Shoulder/Rotator Cuff: Stay in the Paddlers’ Box! Keep your hands in the plane of your shoulders. Use torso rotations to reach to the side or behind you. If you are having trouble with your roll NEVER push off with your paddle against the bottom of the lake, river, pool, etc. unless you really want a bicep tear or dislocated shoulder!

Friction Blister: Wear paddling gloves or use waterproof Band-Aids and duct tape over sensitive areas. Remove grit, sand, and other debris from your paddle shaft. Check that other gear (such as spray skirts) aren’t chafing anywhere when you paddle.

Slip/Fall/Trip: Wear good non-slip booties or shoes designed for paddling and walking on slippery surfaces. Use extendable hiking poles for balance on uneven ground. Do not lay your paddle on the ground or against the side of your kayak where they might be tripped over. Place your paddle inside the cockpit when your boat is on the beach.

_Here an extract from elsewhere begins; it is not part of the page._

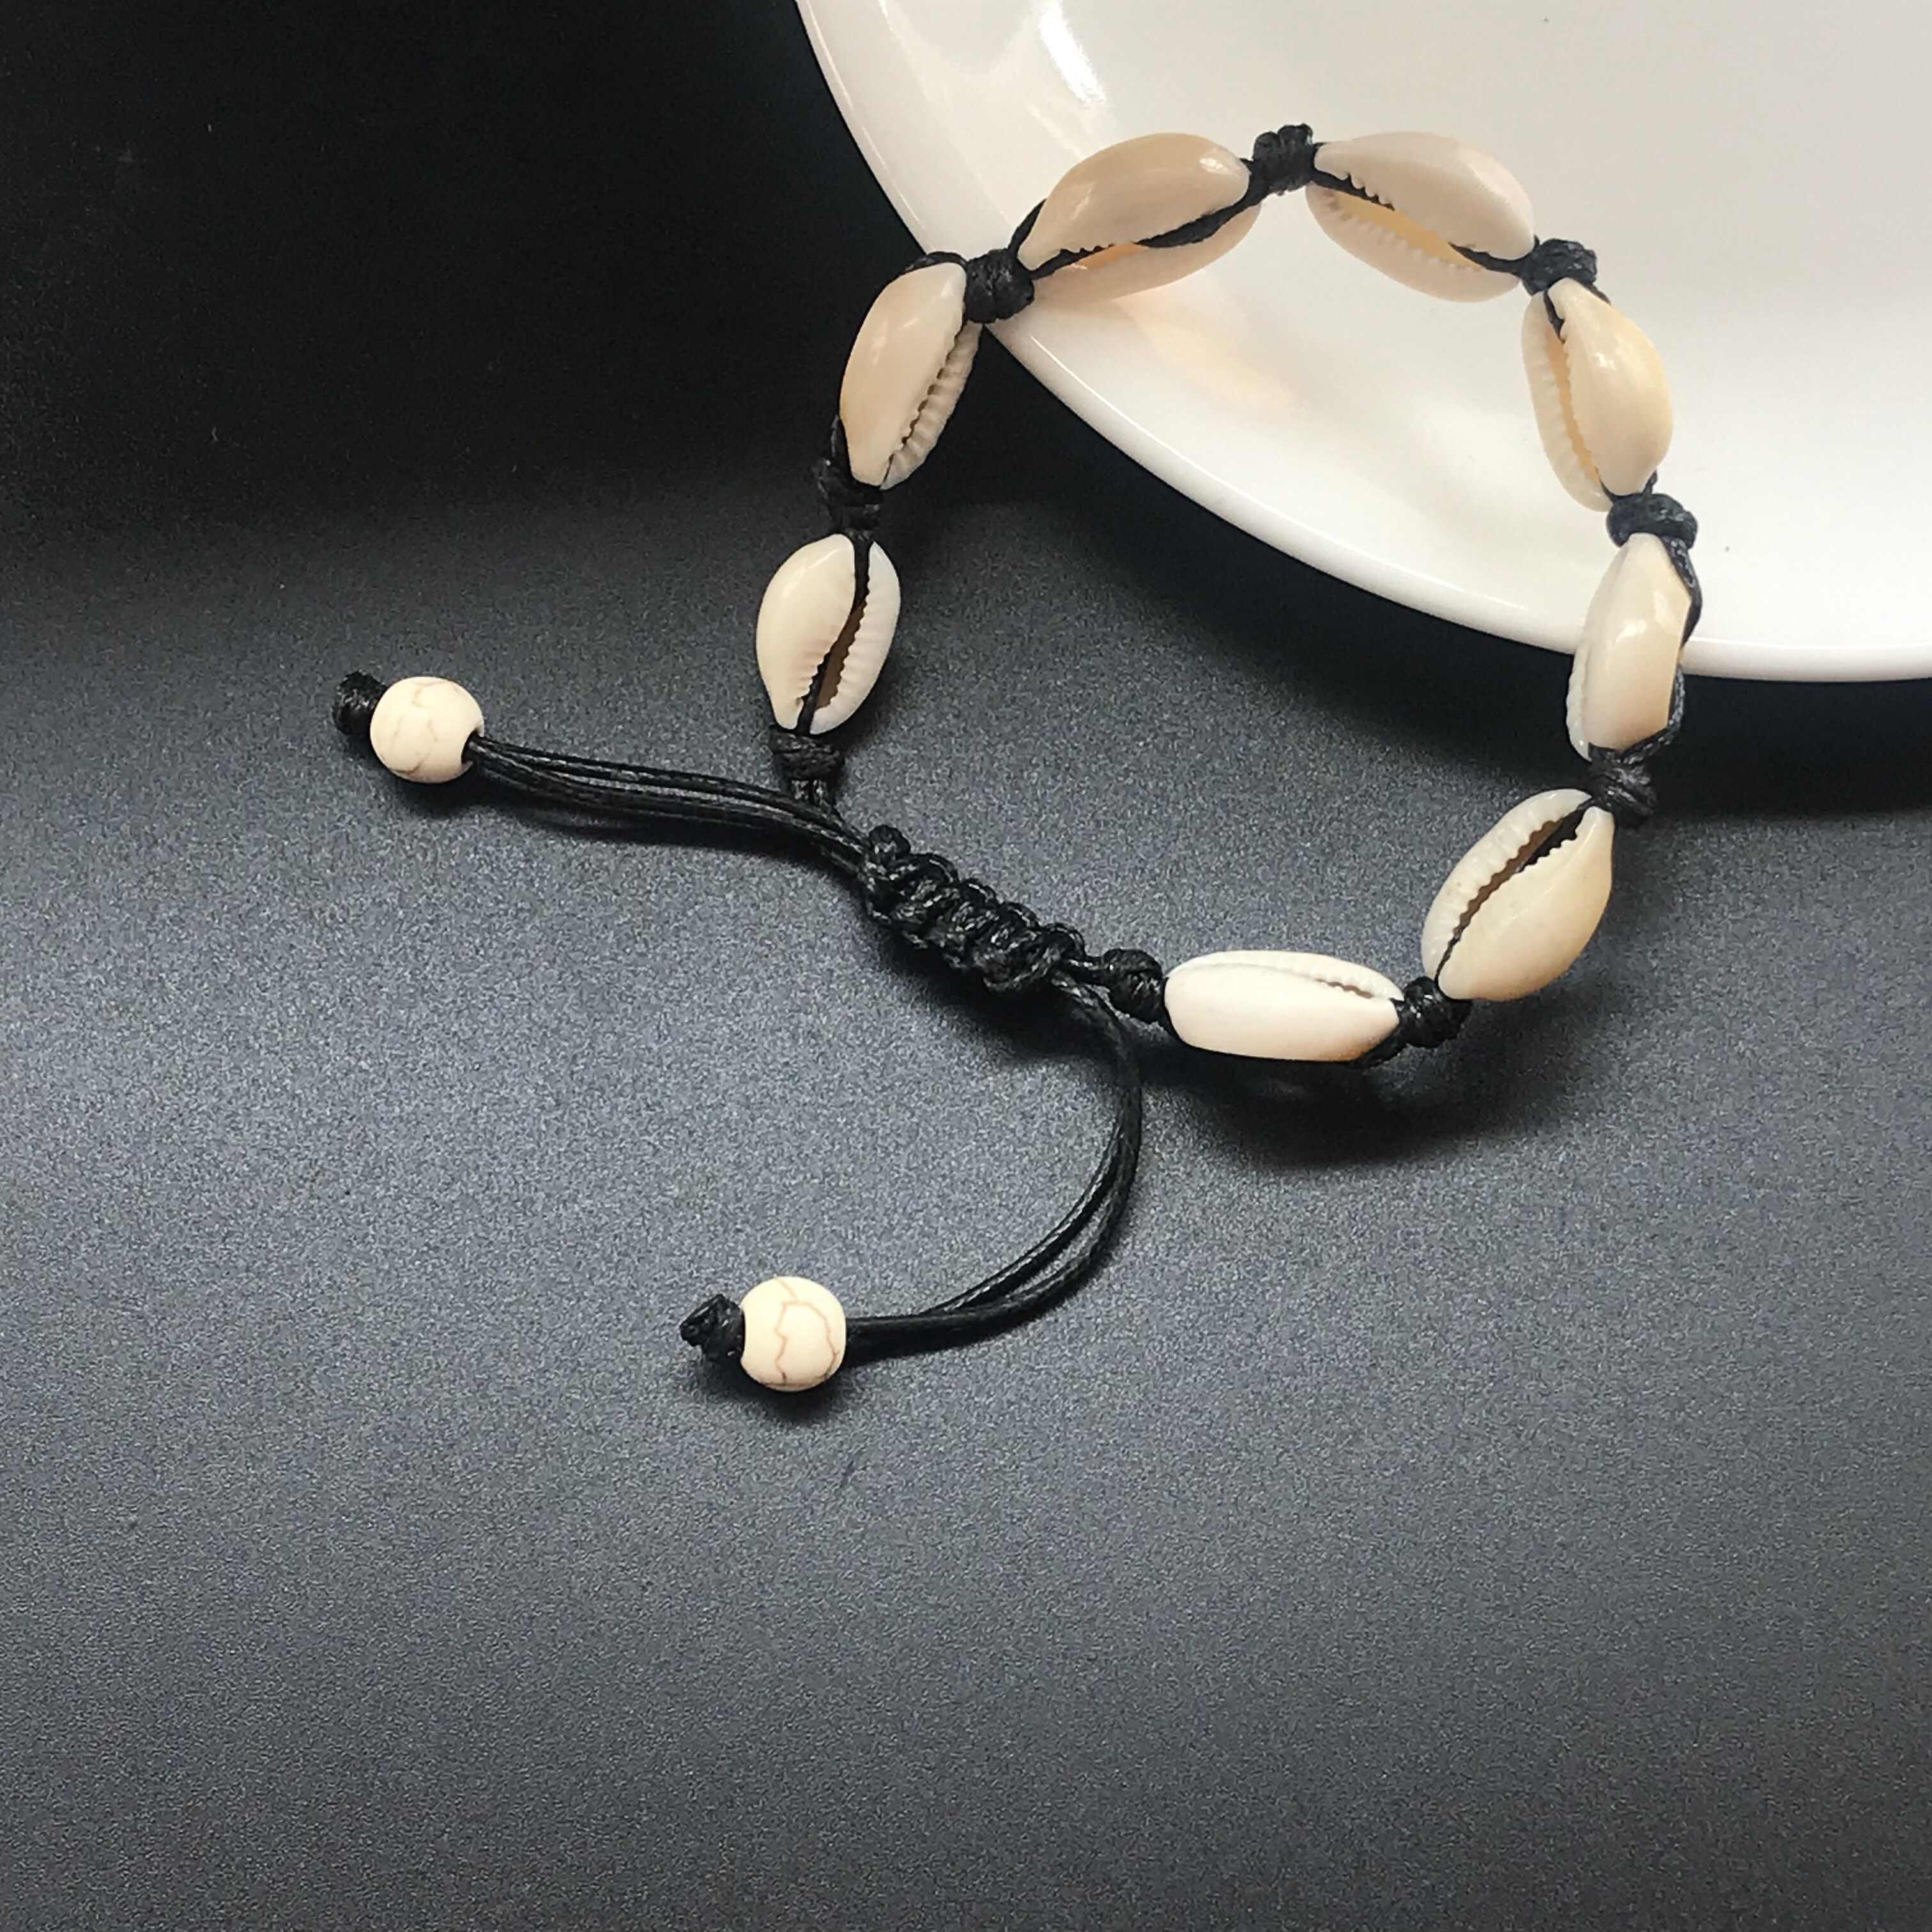 Gorąca sprzedaż ręcznie naturalne muszla ręcznie dzianiny bransoletka muszle bransoletki kobiety akcesoria zroszony bransoletki Strand

Humboldt County, Trinidad Lighthouse, Kayak fishing, Casey Allen,
Fishing under the lighthouse on Trinidad Head. Photo by Casey Allen

Lower Back: Learn to use good lifting technique and the “gorilla stance.” When lifting keep your hands close to your body and your knees over your ankles (good yoga posture), use leverage, keep your head up, and your butt out. Bend at the knees. Use major large muscles like gluteus maximus and quadriceps. Do not turn your torso while lifting or carrying. When buddy-carrying a kayak, make sure each person is ready to lift then do so on the count of three. While paddling you need good back and under-thigh supports.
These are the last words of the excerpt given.